Возможно, следовало отыскать родственников Анны, но… та же проблема. Никто из нормальных людей не согласился бы признать крохотного Алешку своим родственником, так что само собой выходило, что единственным близким человеком у Алексея Дмитриевича Григорьева, не зная Димину фамилию, Яков предпочитал называть ребенка по фамилии Ани, – так вот, самым близким человеком маленького Алексея Дмитриевича был он сам. Впрочем, почему тогда у Дмитриевича – у Алексея Яковлевича. Вот как правильно.
Первые дни, еще не решив, что делать с ребенком, Яков ждал, что тот подохнет самостоятельно. Виданное ли дело, рождаться на свет под непрестанным обстрелом? Он даже пытался некоторое время не думать о новорожденном, ожидая, что тот испустит дух, но… Алексей все не умирал и не умирал. Рожденный в черт знает каких условиях ребятенок мирно спал под лавкой, время от времени агукая и прося чего-то. Но быстро утихал и вообще вел себя прилично.
Поняв, что от работы на перевозе ему все одно не отказаться, равно как и от ребенка, Яша был вынужден явиться в «Навь», где его без дальнейших расспросов и проверок определили на службу с выделением жилплощади и весьма приличным для одного человека окладом. Причем, как человеку живому, Якову полагалась комната на берегу в Мире Живых, где он некоторое время и держал малыша, нанимая для него няньку.

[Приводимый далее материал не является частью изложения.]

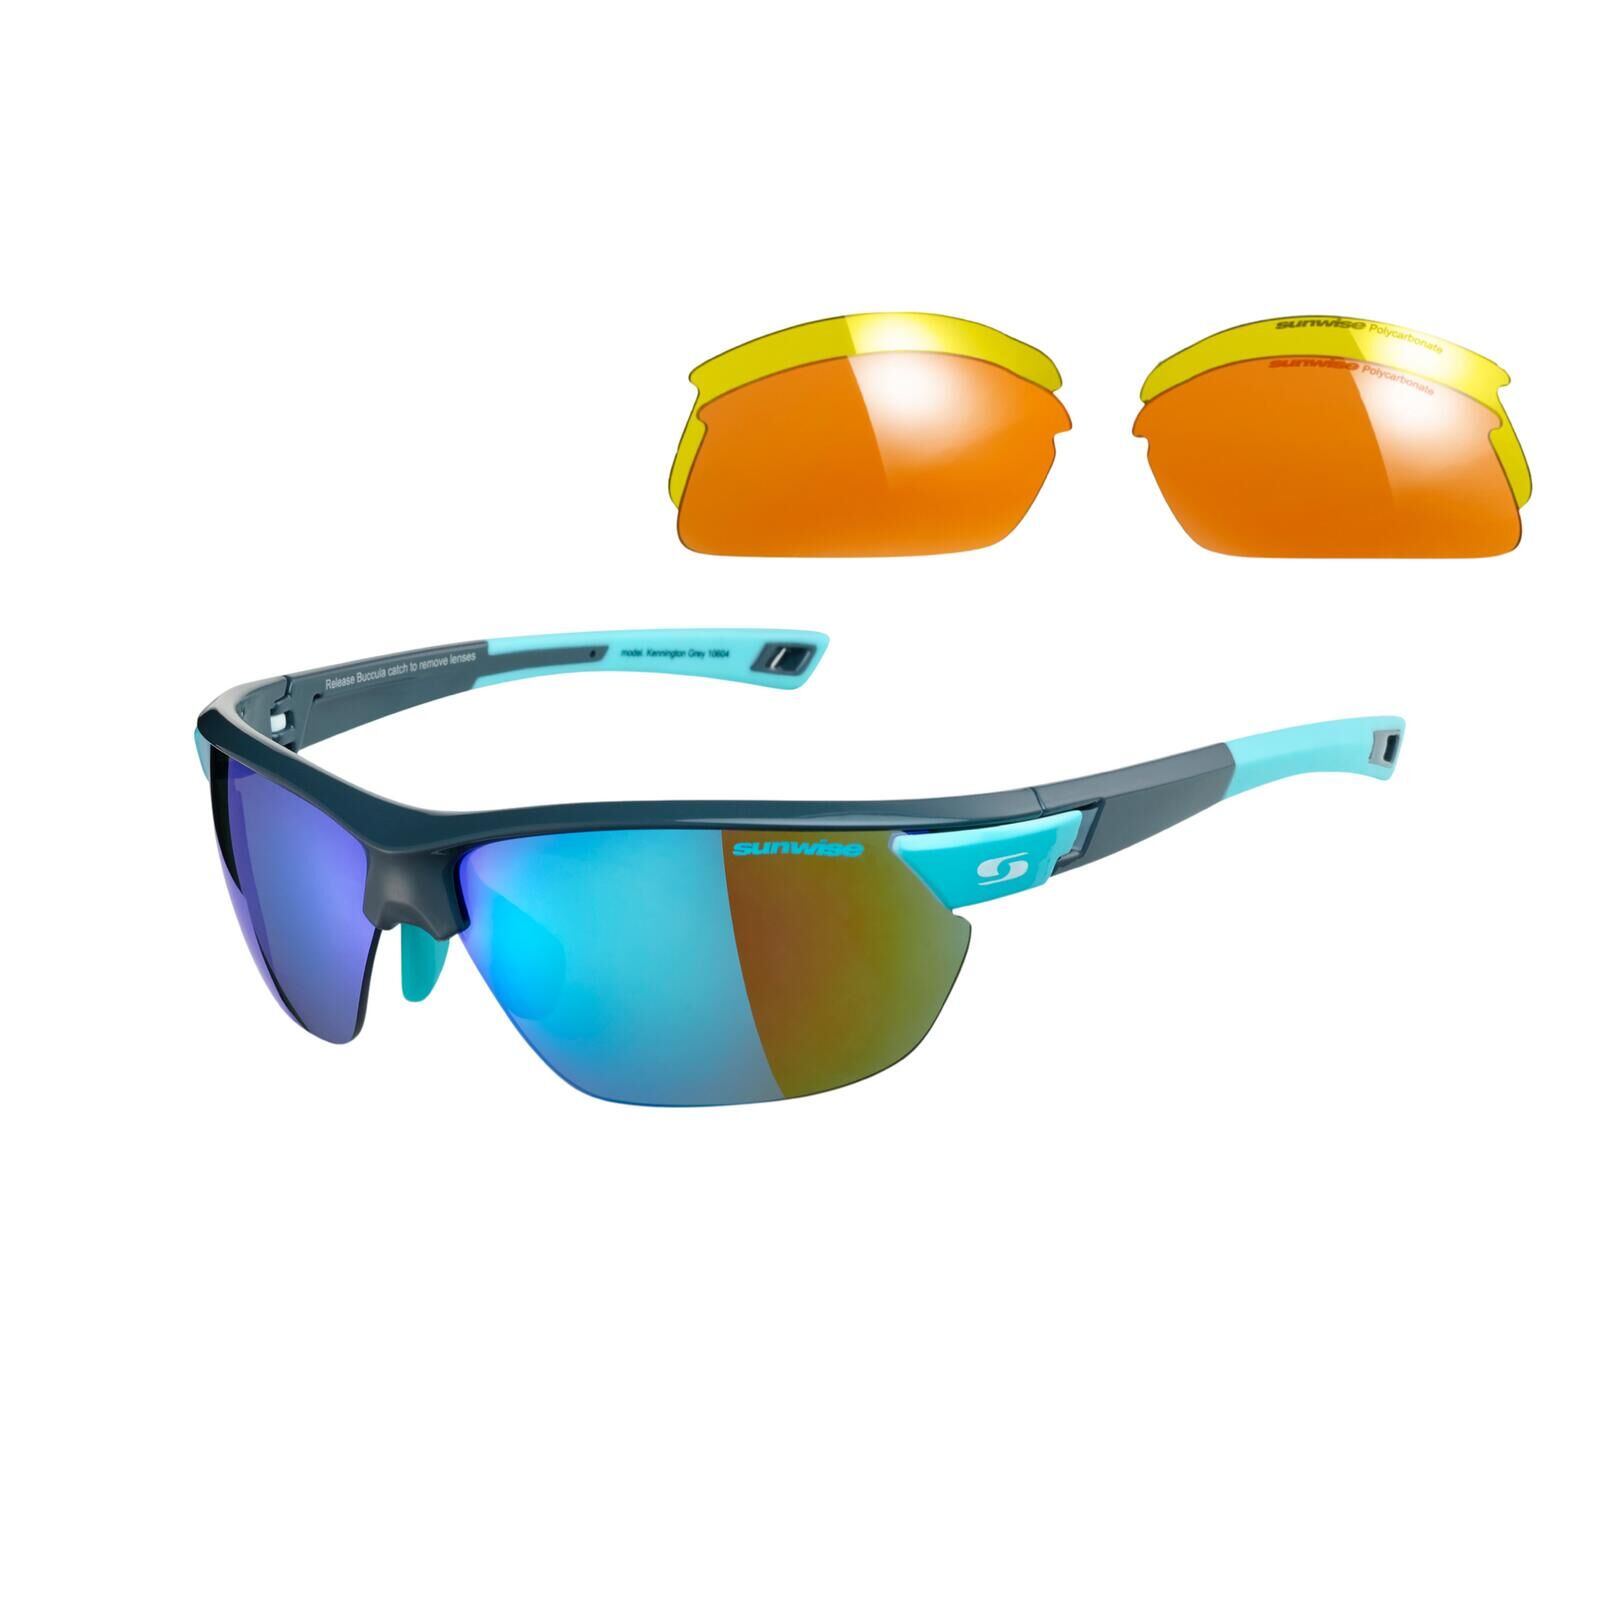 SUNWISE Kennington Sports Sunglasses - Category 1-3

Работенка оказалось тяжелой, как раз для молодого крепкого мужика, и Яша справлялся не ропща. Благодаря его прежнему месту службы в «Яви», он научился с первого взгляда определять души умерших и живых людей, которых приходилось перевозить с берега на берег.
Живые интересовали его в том плане, что рано или поздно кому-то из них он мог под шумок передать проклятое весло и освободиться. Мертвые могли хвататься за весло судьбы сколько угодно, их судьба давно уже не принадлежала им, тут магия не действовала.
После первых дней работы ныло все тело, а на ладонях и заднице натерлись мозоли, но он не роптал, понимая, что вскоре втянется, и все пойдет как надо.
Труднее было с малышом. С одной стороны, он мог запросто брать приемного сына с собой, с другой, работа на перевозе оказалась хлопотной, а местами и весьма напряженной. Наверное, подобный труд можно было сравнить с работенкой санитара на скорой для душевнобольных и алкоголиков. Нередко перевозимые им на тот свет души дрались, пытались пырнуть перевозчика ножом или, вытащив из кармана штанов гранату, заявляли, что лодка захвачена террористами, и теперь он – Харон – обязан грести в сторону ближайшего Парижа.
От подобных пассажиров Яков только скрипел зубами или при малейших признаках опасности с самого начала поездки незамысловато вырубал потенциального террориста веслом, тогда оставшийся путь проходил тихо и спокойно.
Но если сам он худо-бедно мог выжить в столь неудобных условиях, таскать с собой живого грудного ребенка, которого ко всему прочему, нельзя было кормить на территории Мертвых!
Нянька тоже стоила недешево и имела неприятную склонность задавать дурацкие вопросы. Так что, не ведая, что делать дальше, Яша пришел к единственному правильному решению: подбросить ребенка в один из детских домов с тем, чтобы, когда удастся отделаться от весла и поганой работенки, можно было забрать пацана к себе.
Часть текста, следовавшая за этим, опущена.